Assim, o crescimento da despesa escrutinada pelo fiscalizador é explicado, essencialmente, pelo aumento do número de trabalhos complementares, que foi alvo de reparos, e também pela atualização dos preços tendo em conta a subida da inflação, de acordo com o mesmo relatório que analisou 2658 contratos iniciais de empreitadas remetidos por 382 entidades públicas, entre Administração Central, autarquias, empresas do Estado, associações e fundações.
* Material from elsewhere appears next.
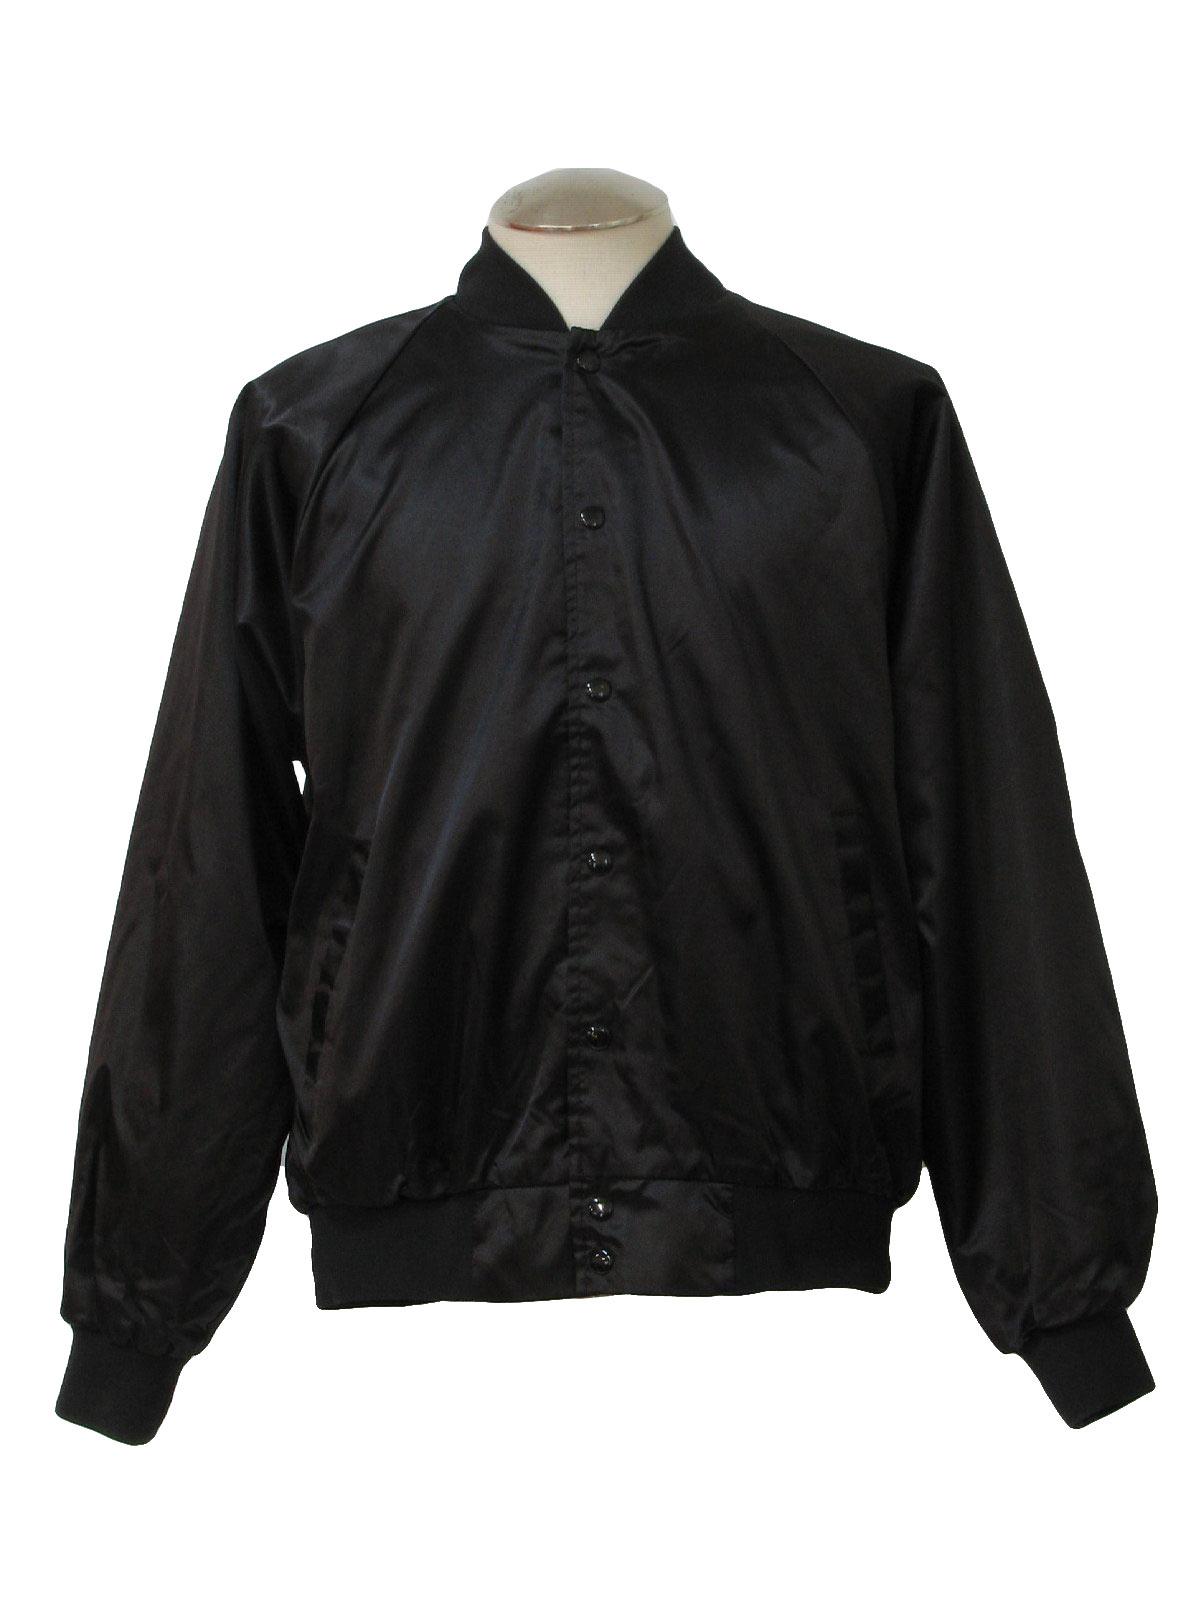 Retro Eighties Jacket: 80s -Augusta- Mens black-plum nylon satin

Em relação ao aumento de empreitadas adicionais, o Tribunal de Contas chama a atenção que “continua a não ser legalmente admissível a adjudicação como tal, de trabalhos relativos a melhorias, opções do ‘já agora’, trabalhos novos, uma vez que não são necessários para a sua execução”. O alerta da entidade fiscalizadora das contas públicas é relevante, tendo em conta que, no triénio 2020-2021, os trabalhos complementares, de 168,9 milhões de euros, representaram quase dois terços (61,55%) do acréscimo de custos apurado, na ordem dos 274,4 milhões de euros.
O impacto da inflação também foi significativo no aumento da despesa. O Tribunal de Contas constata que “os adicionais analisados representaram, globalmente, um acréscimo de encargos, a preços novos”. O relatório verifica que mais de metade do valor dos trabalhos adicionais (53,87%), na ordem dos 147,8 milhões de euros face à despesa adicional total de 274,4 milhões, foi atualizado a preços novos em vez de ser acordado a preços contratuais. “Observa-se, assim, uma tendência crescente para recurso a preços novos em detrimento dos preços contratuais”, salienta o TdC.
Analisando a variação anual dos trabalhos adicionais e suprimidos, observa-se que, excluindo 2022, o maior número de contratos complementares assim como o maior volume financeiro ocorreu em 2007. A partir desse ano, assistiu-se a uma descida constante do número de alterações até 2017, invertendo-se a situação em 2018 e 2019.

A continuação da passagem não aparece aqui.